→ **What to work on**: Return each line of the data below exactly, omitting any pictures.

*** Opening of Recorded information ***

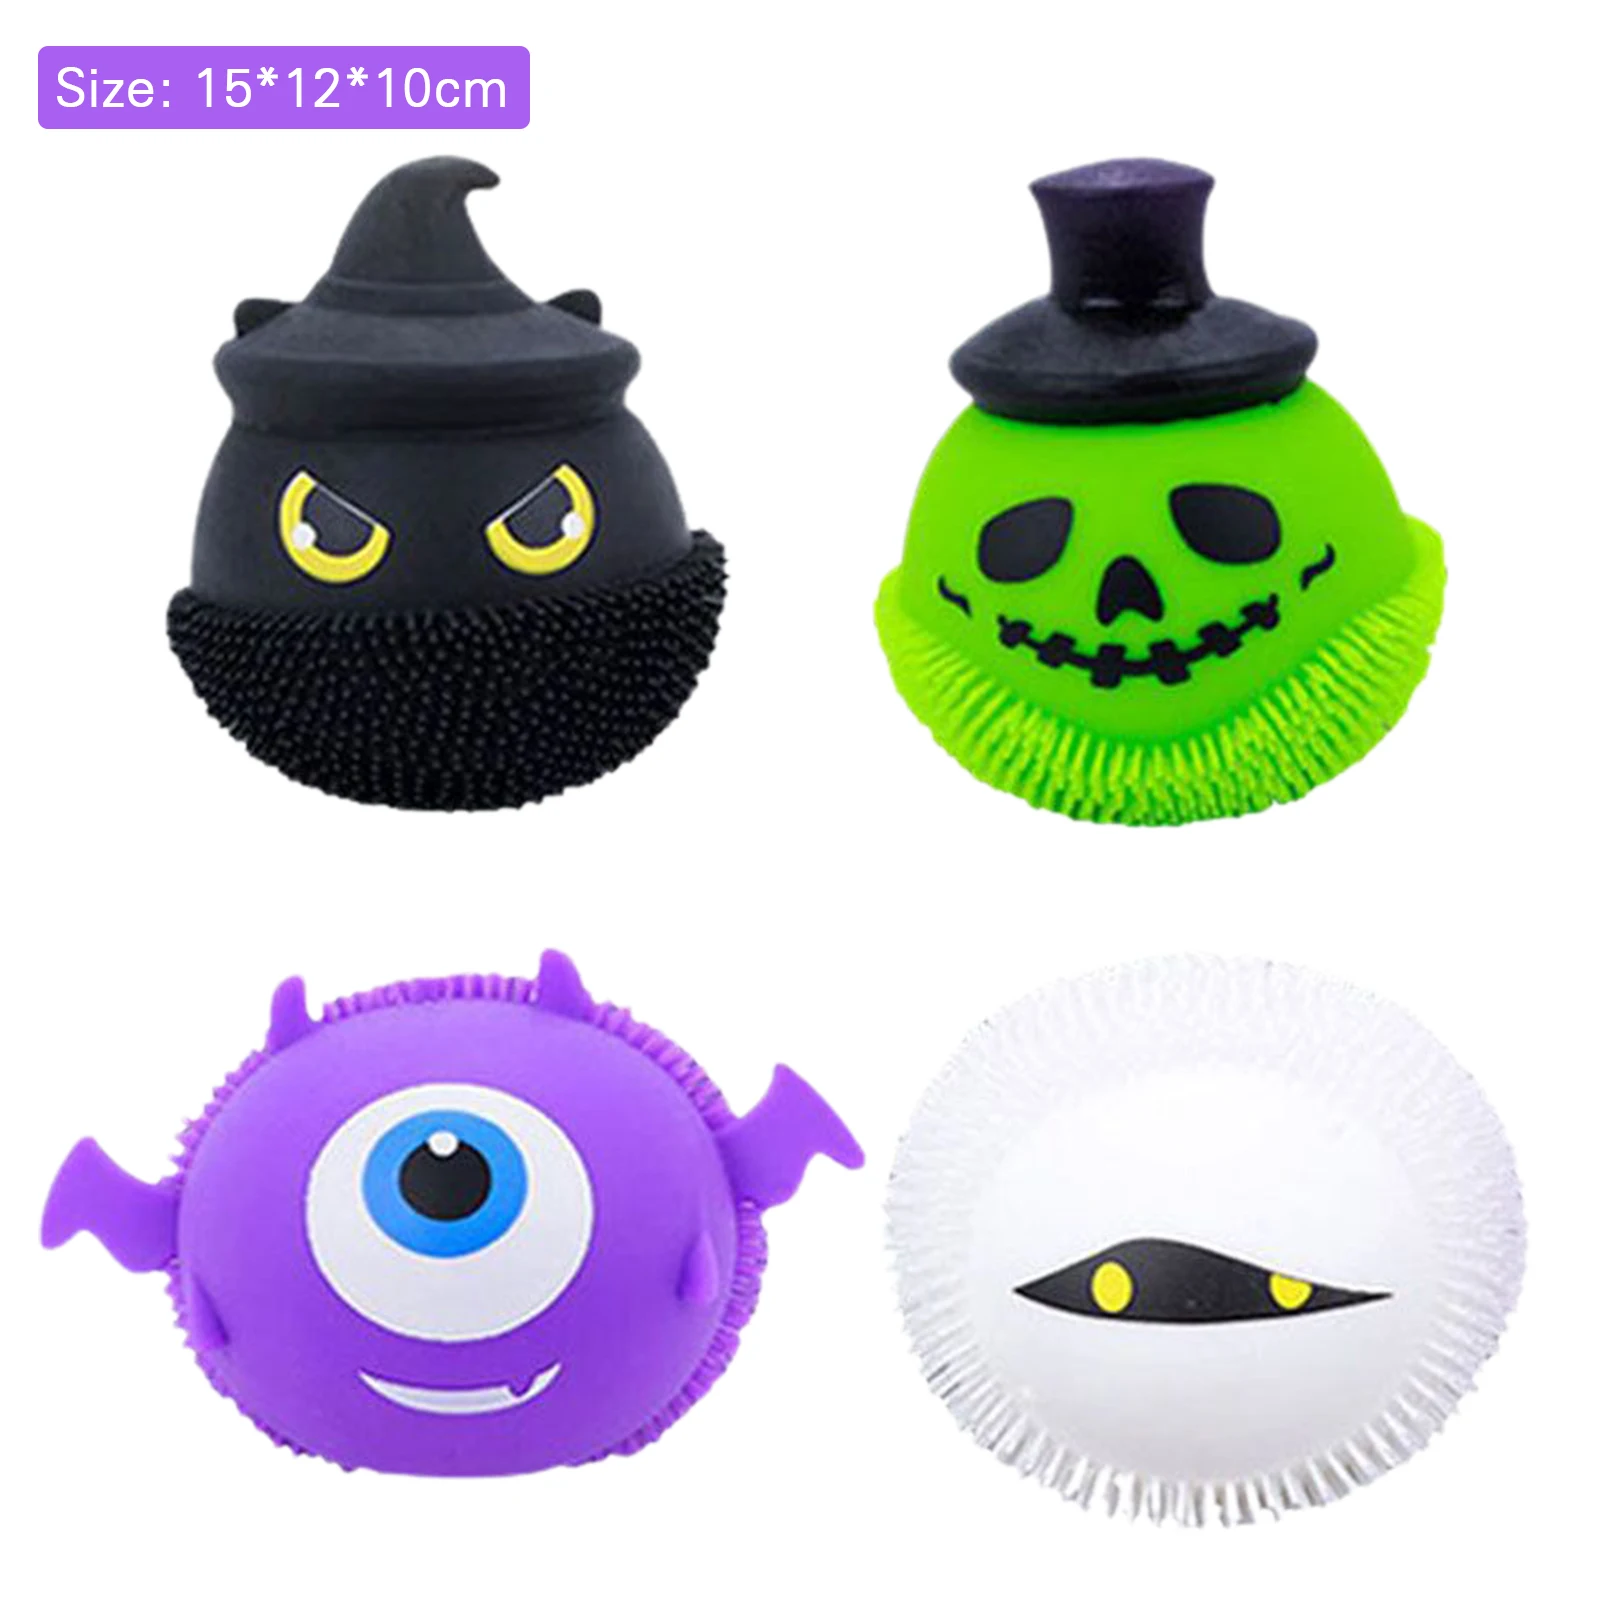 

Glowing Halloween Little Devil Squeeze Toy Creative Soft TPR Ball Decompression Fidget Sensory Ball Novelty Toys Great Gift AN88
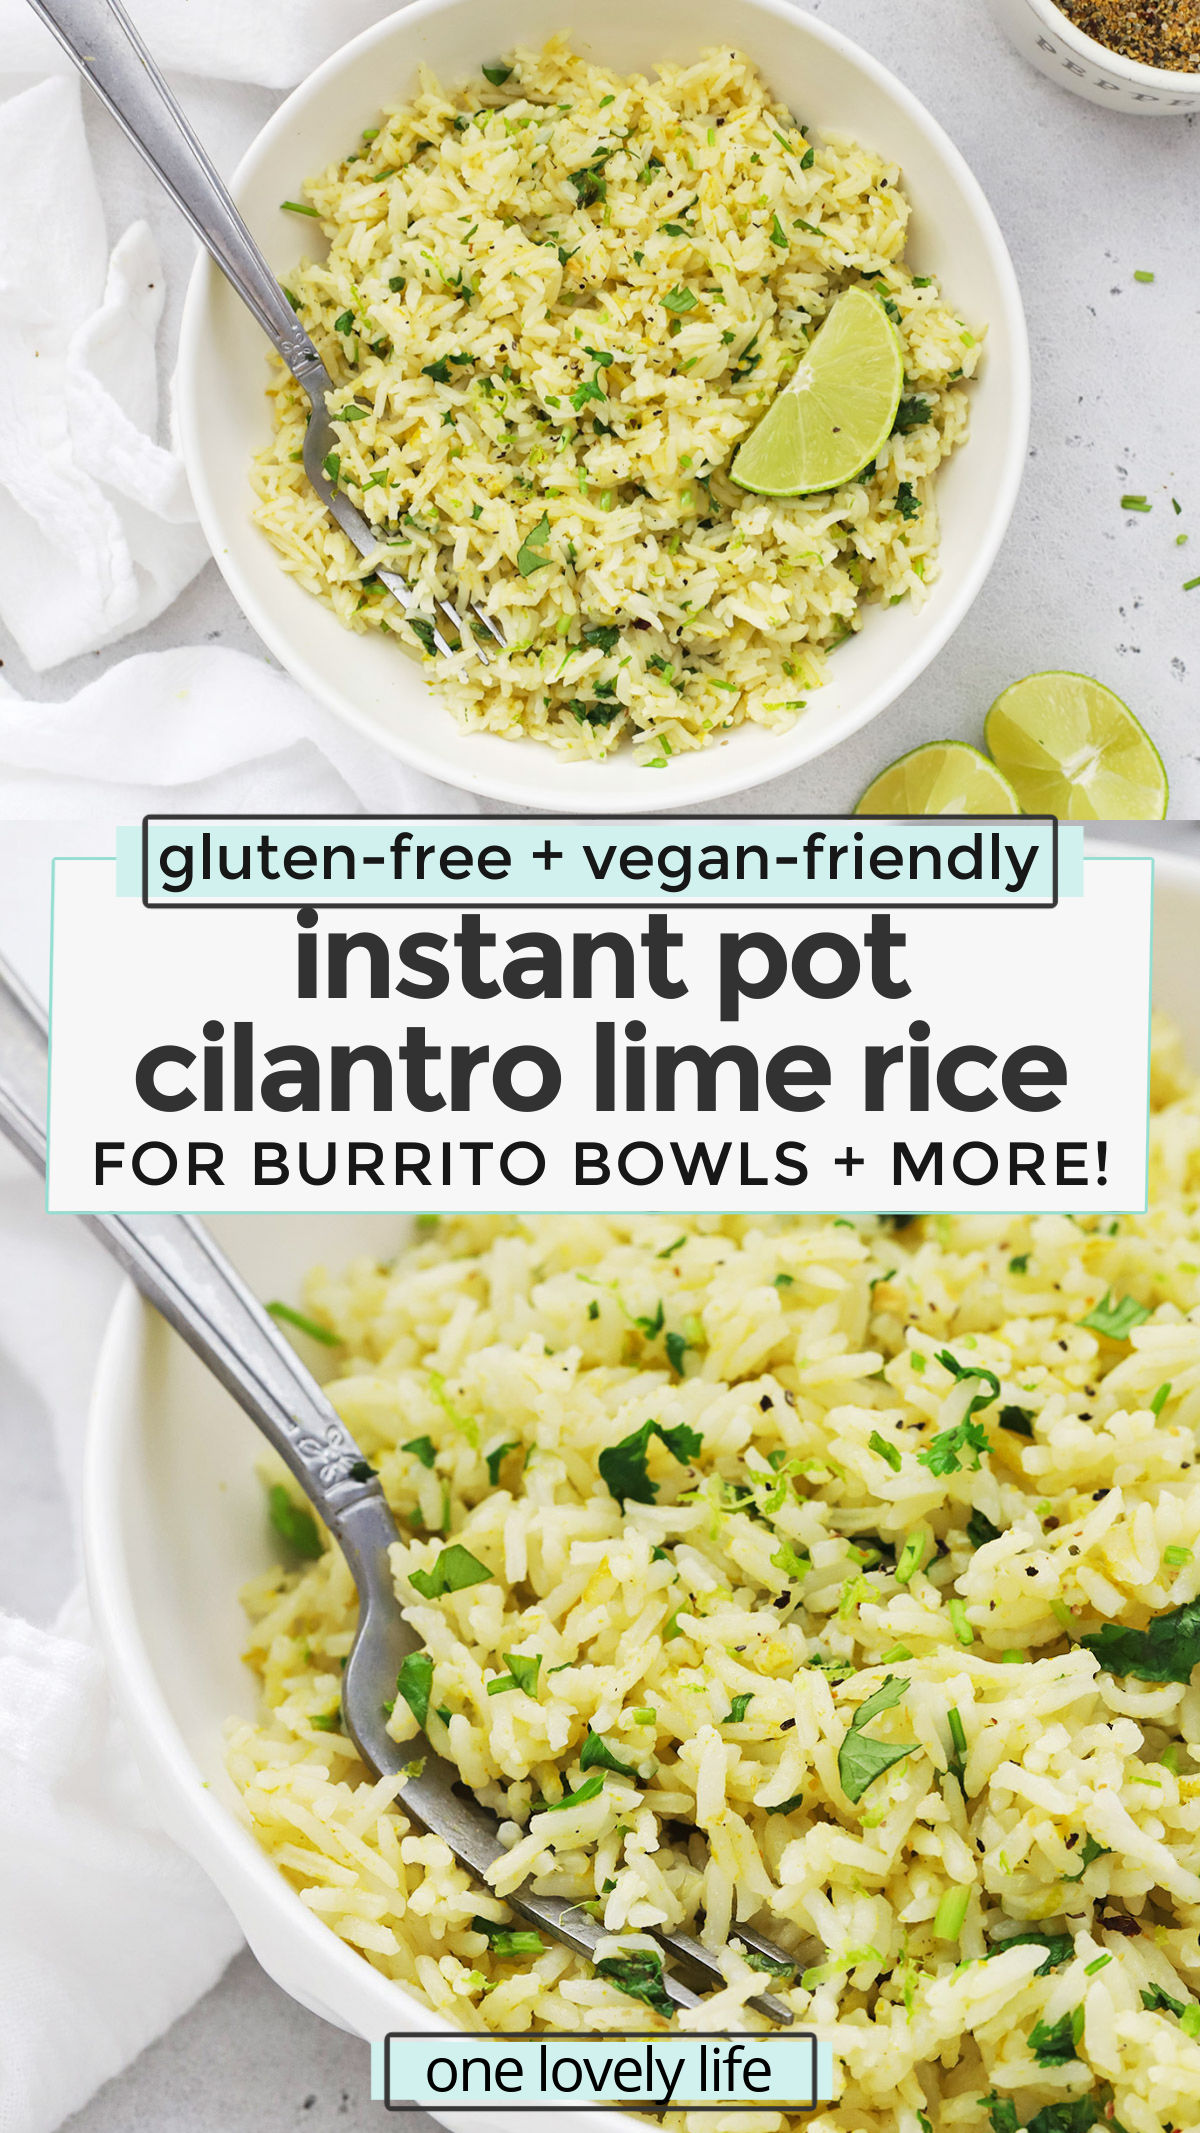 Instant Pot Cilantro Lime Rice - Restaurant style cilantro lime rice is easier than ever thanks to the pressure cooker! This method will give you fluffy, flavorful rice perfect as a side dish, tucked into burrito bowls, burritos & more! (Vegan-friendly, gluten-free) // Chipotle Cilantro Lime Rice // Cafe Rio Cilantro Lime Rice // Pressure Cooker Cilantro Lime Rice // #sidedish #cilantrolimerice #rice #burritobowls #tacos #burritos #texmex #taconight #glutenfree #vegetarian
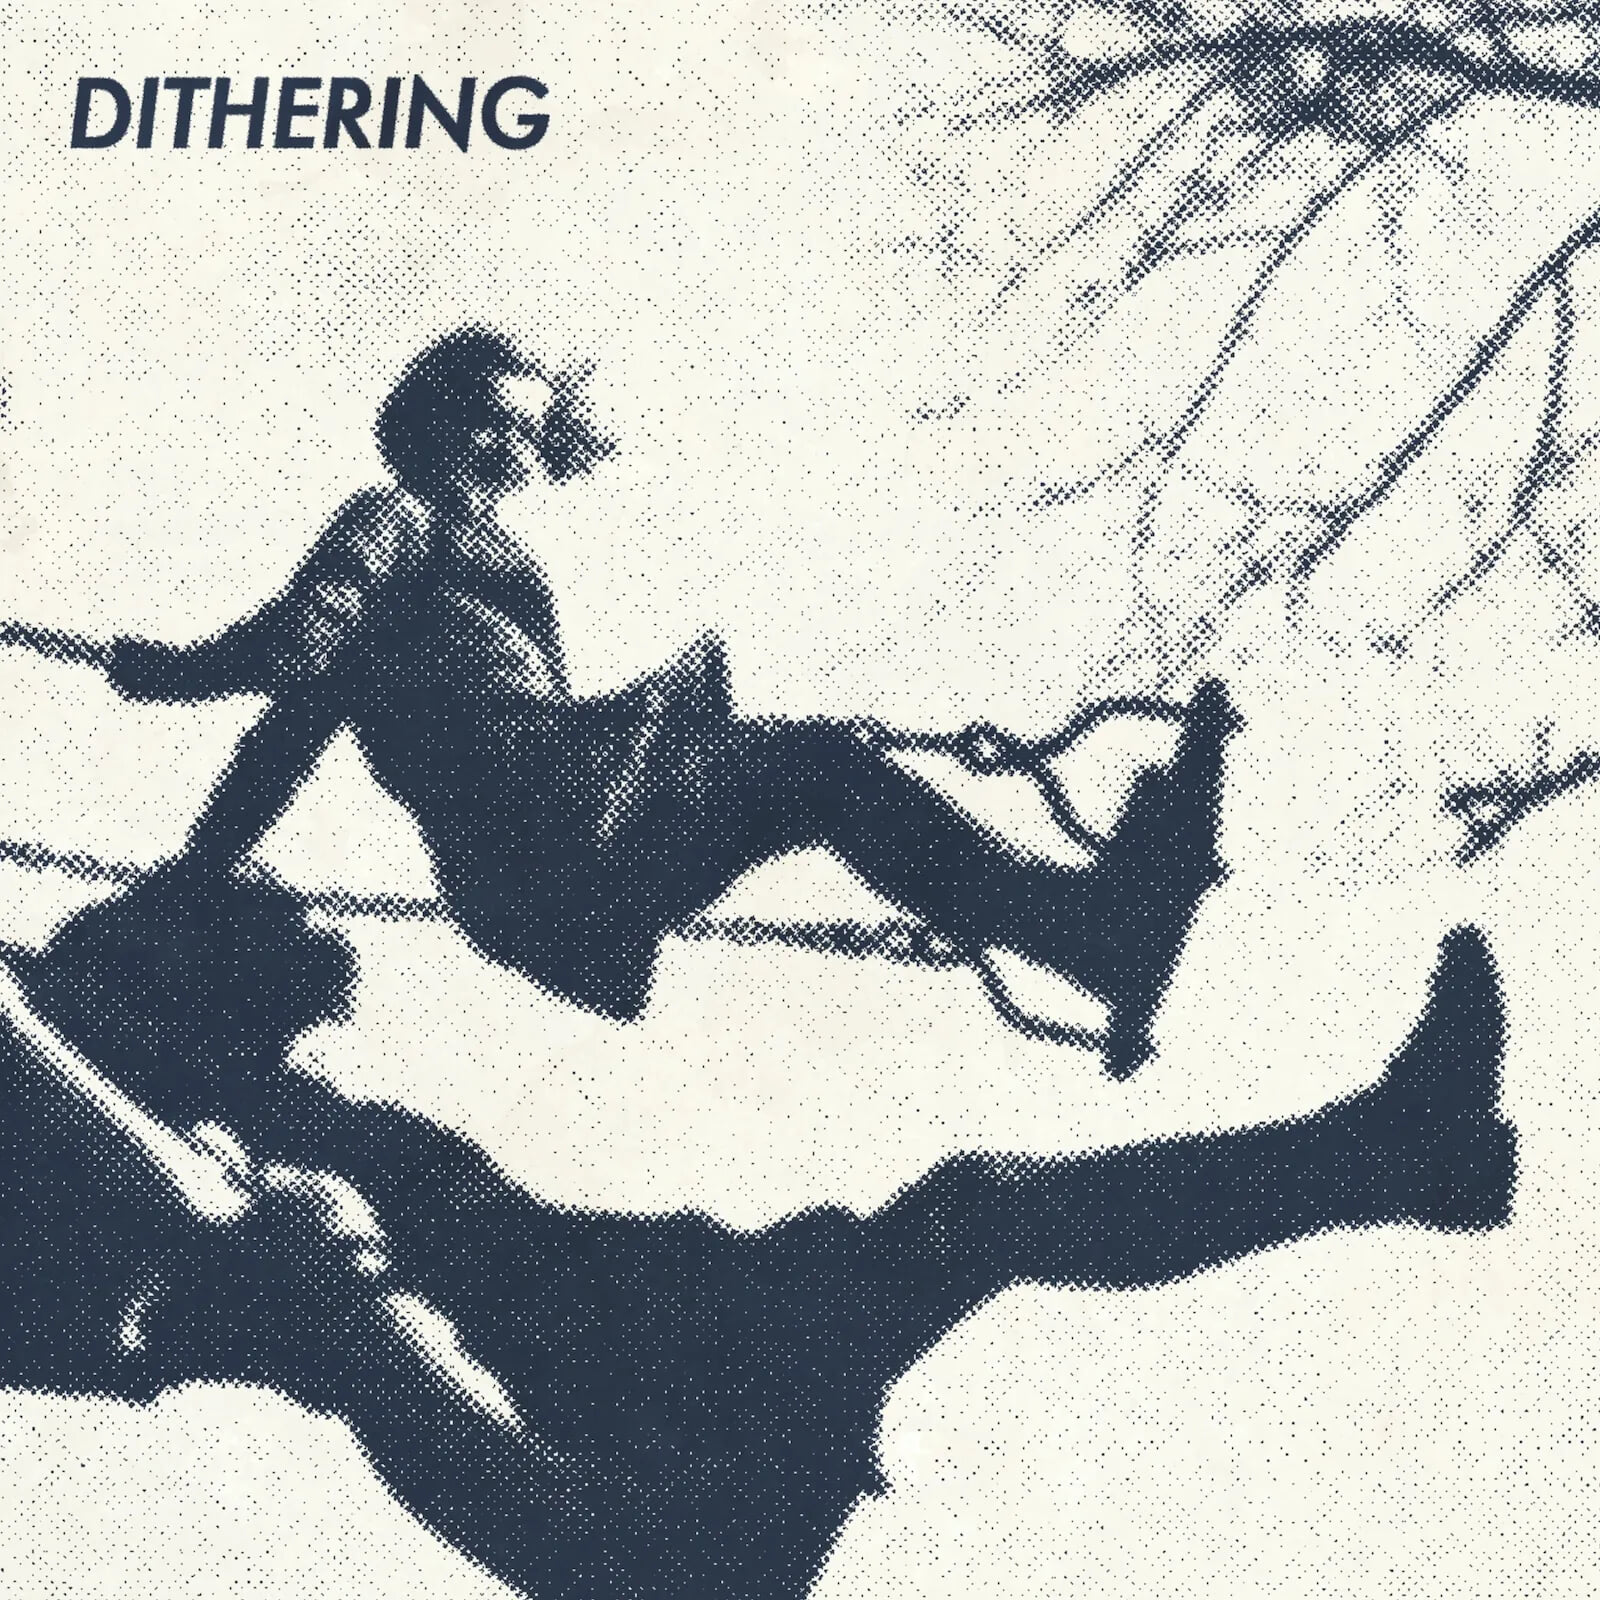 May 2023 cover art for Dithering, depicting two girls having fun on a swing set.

*** Close of Recorded information ***

→ **Result of the task**:
Glowing Halloween Little Devil Squeeze Toy Creative Soft TPR Ball Decompression Fidget Sensory Ball Novelty Toys Great Gift AN88
 Instant Pot Cilantro Lime Rice - Restaurant style cilantro lime rice is easier than ever thanks to the pressure cooker! This method will give you fluffy, flavorful rice perfect as a side dish, tucked into burrito bowls, burritos & more! (Vegan-friendly, gluten-free) // Chipotle Cilantro Lime Rice // Cafe Rio Cilantro Lime Rice // Pressure Cooker Cilantro Lime Rice // #sidedish #cilantrolimerice #rice #burritobowls #tacos #burritos #texmex #taconight #glutenfree #vegetarian
 May 2023 cover art for Dithering, depicting two girls having fun on a swing set.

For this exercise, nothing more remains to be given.